__WORK TASK__. Below are records with pictures. Transcribe exactly, and only, the lines from the line with "Stihl TS410 petrol" to the line with "Bee Gees - All", both ends included, but not the pictures.

__ENTRIES PROVIDED__.
Content starts

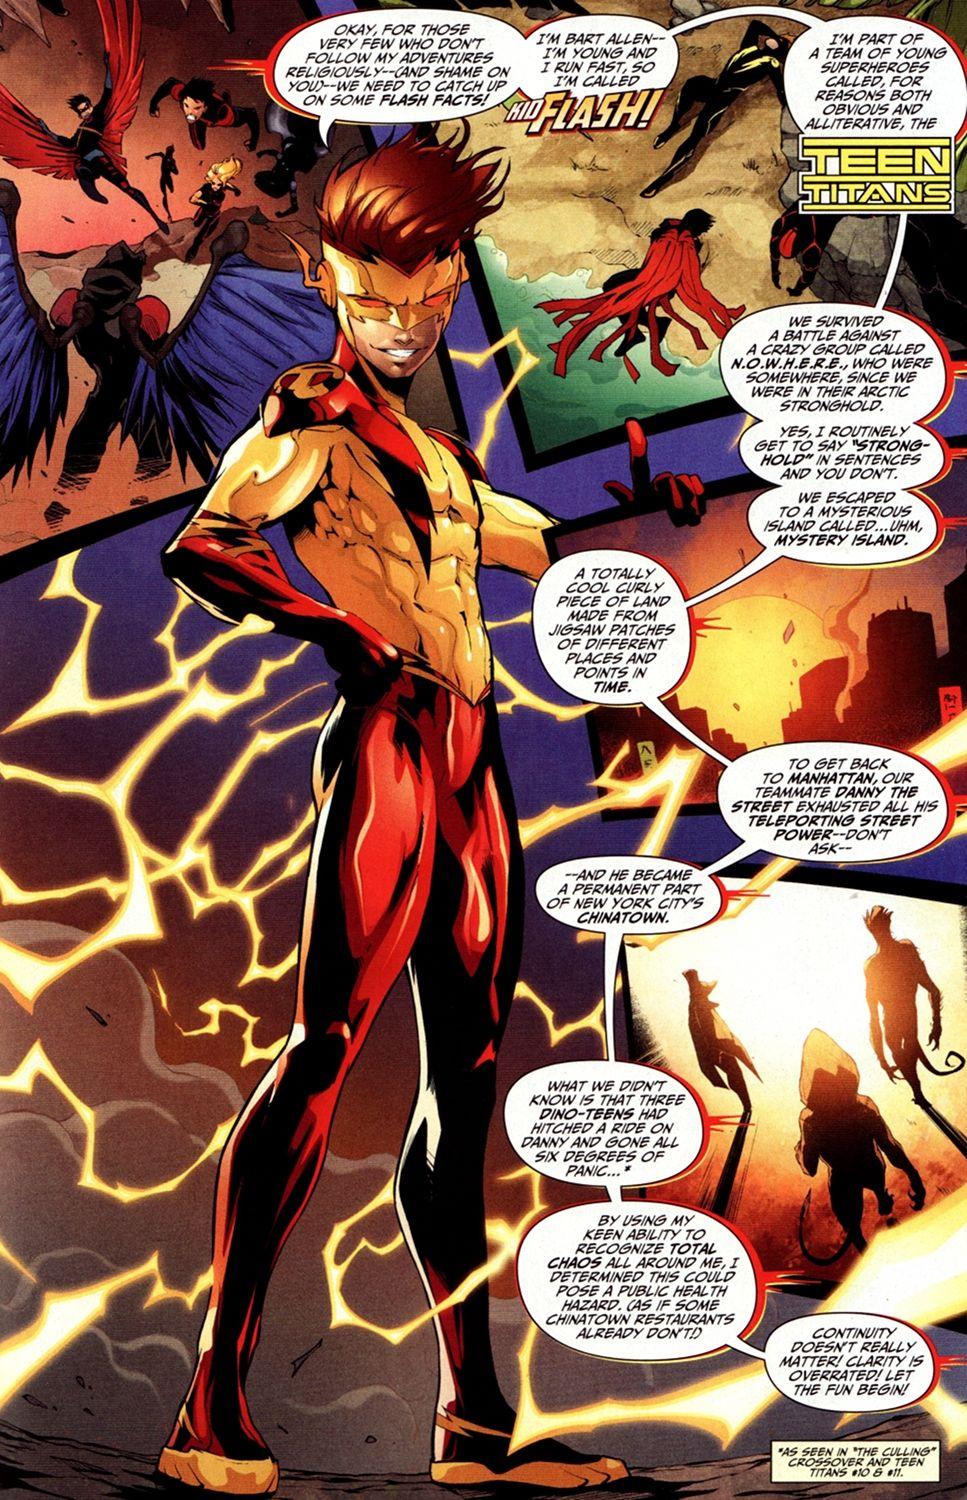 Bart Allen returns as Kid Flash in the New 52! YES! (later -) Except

Content ends
Content starts

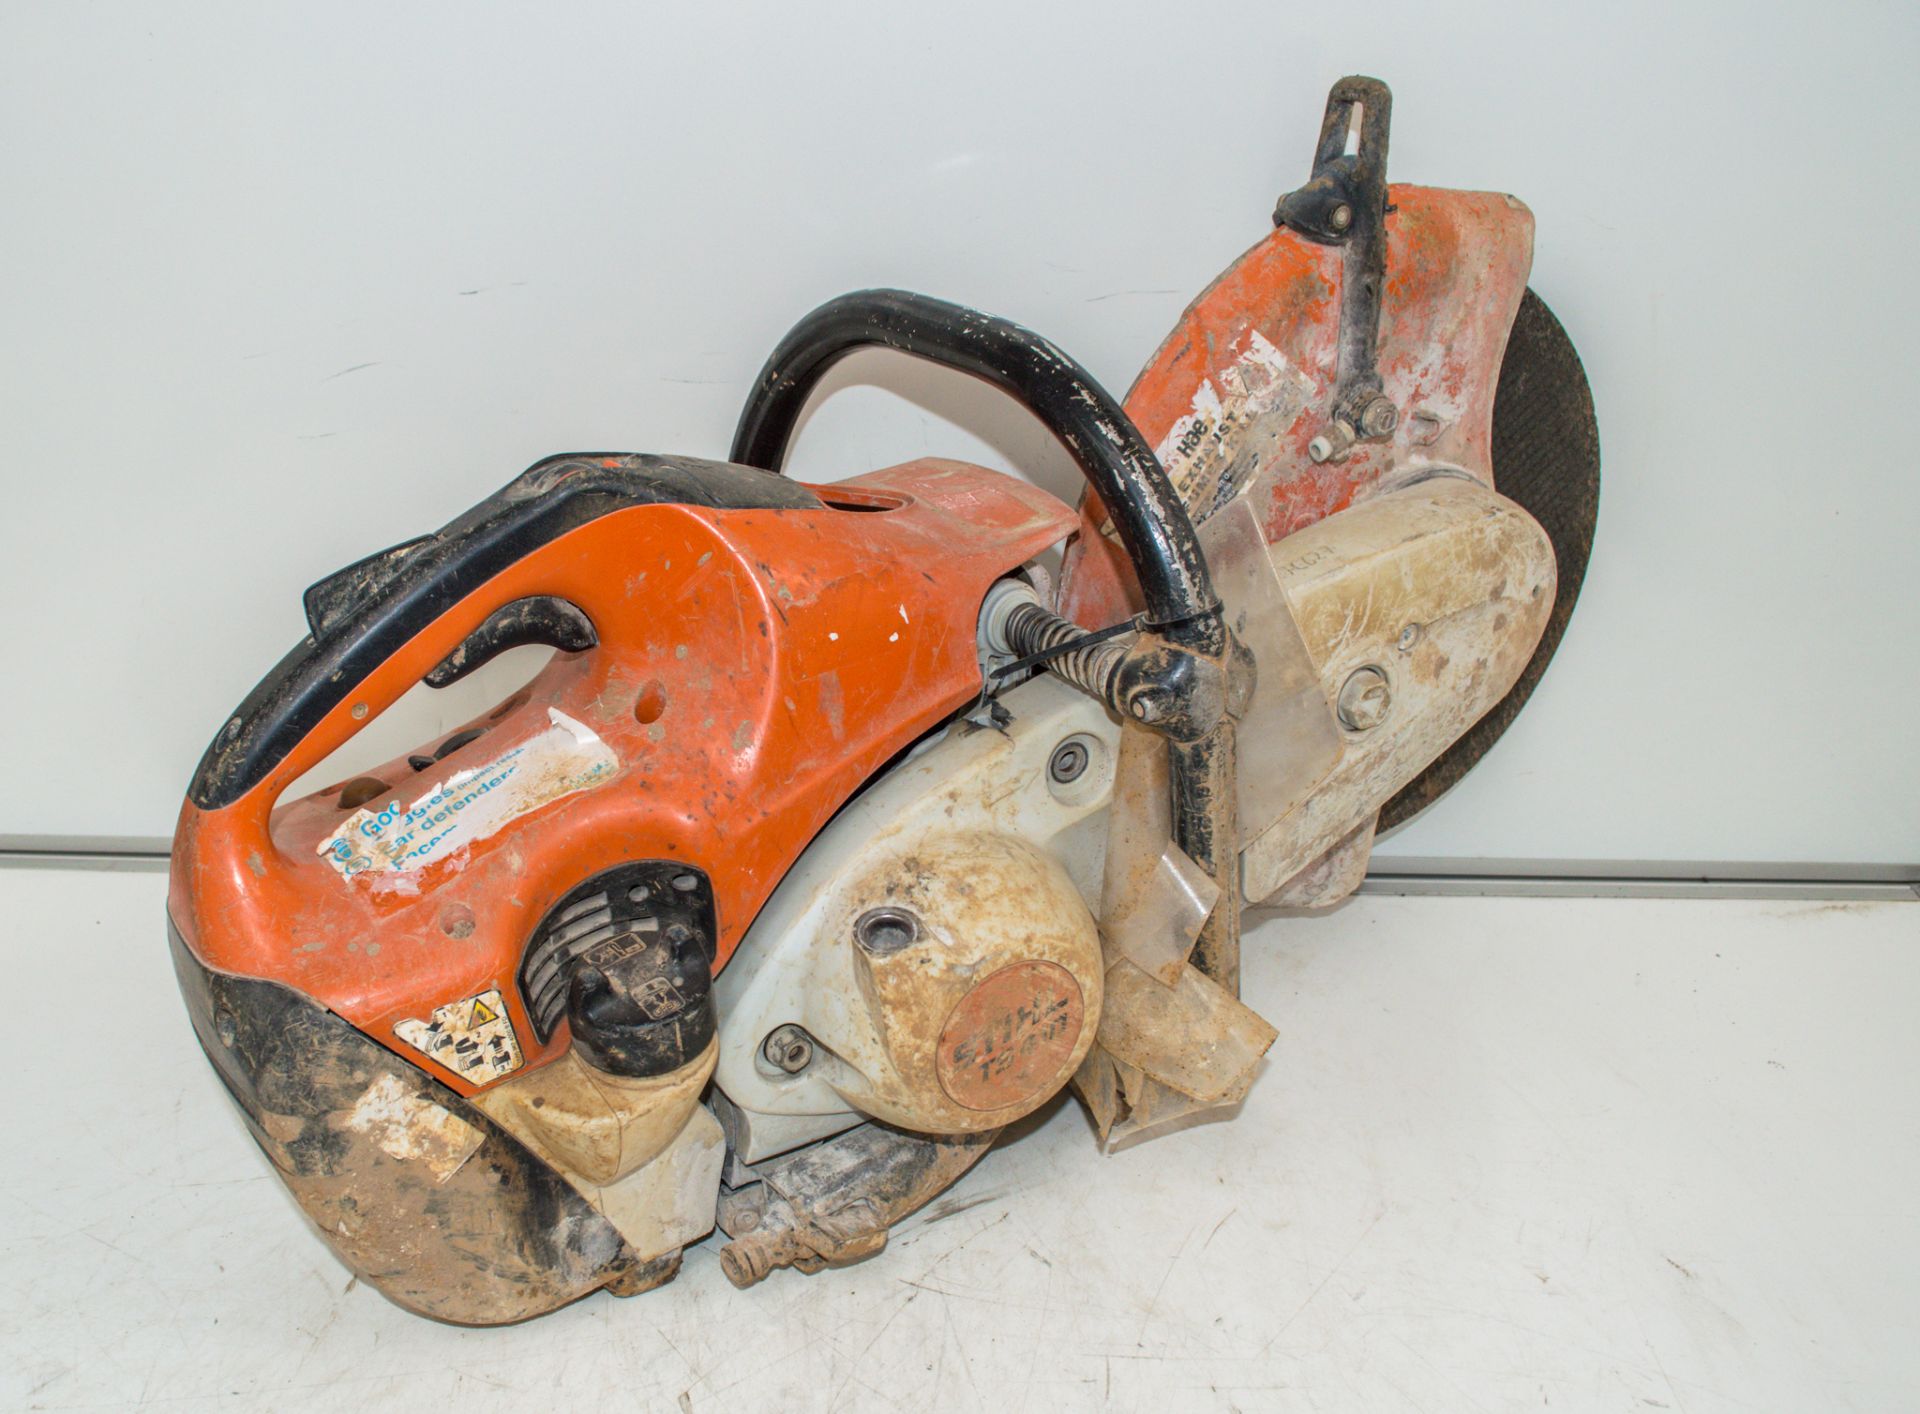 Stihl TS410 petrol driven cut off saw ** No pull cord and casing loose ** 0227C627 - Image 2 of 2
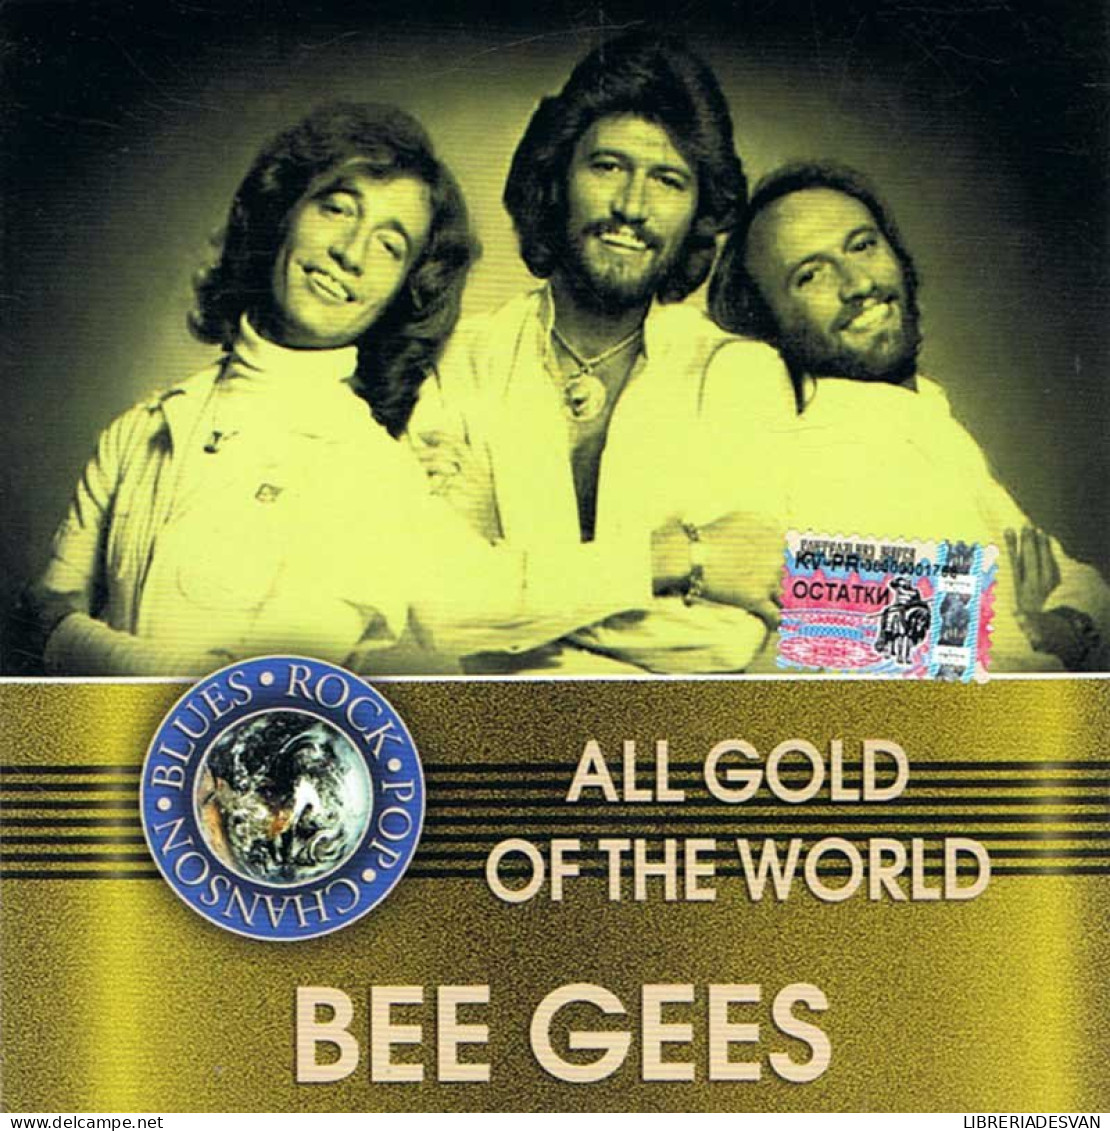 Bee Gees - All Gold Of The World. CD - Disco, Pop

Content ends
Content starts

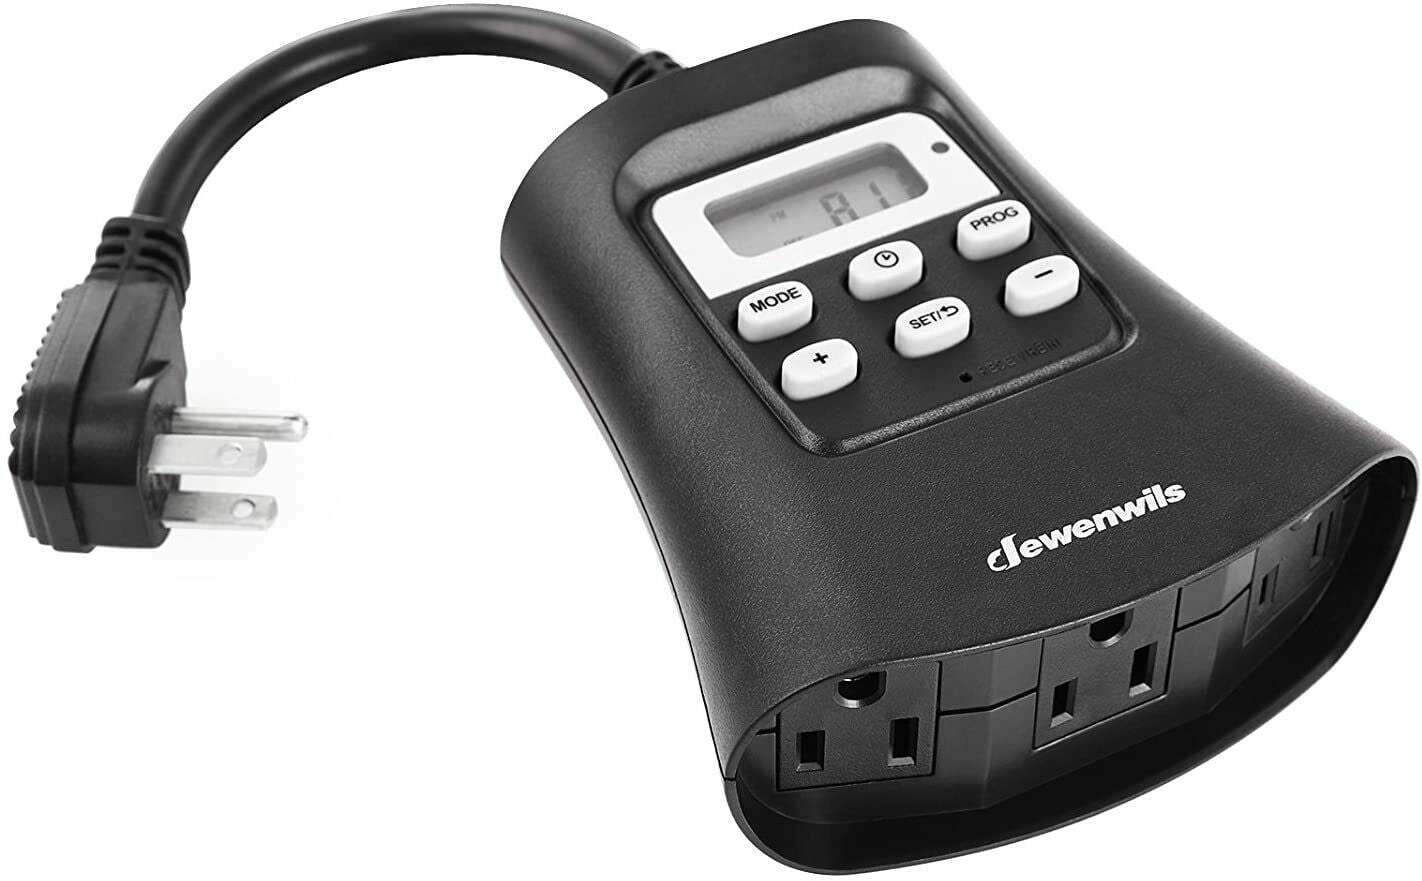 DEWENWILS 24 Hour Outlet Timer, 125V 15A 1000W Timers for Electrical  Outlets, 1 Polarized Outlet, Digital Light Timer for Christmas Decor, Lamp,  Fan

Content ends

__EXERCISE RESULT__.
 Stihl TS410 petrol driven cut off saw ** No pull cord and casing loose ** 0227C627 - Image 2 of 2
 Bee Gees - All Gold Of The World. CD - Disco, Pop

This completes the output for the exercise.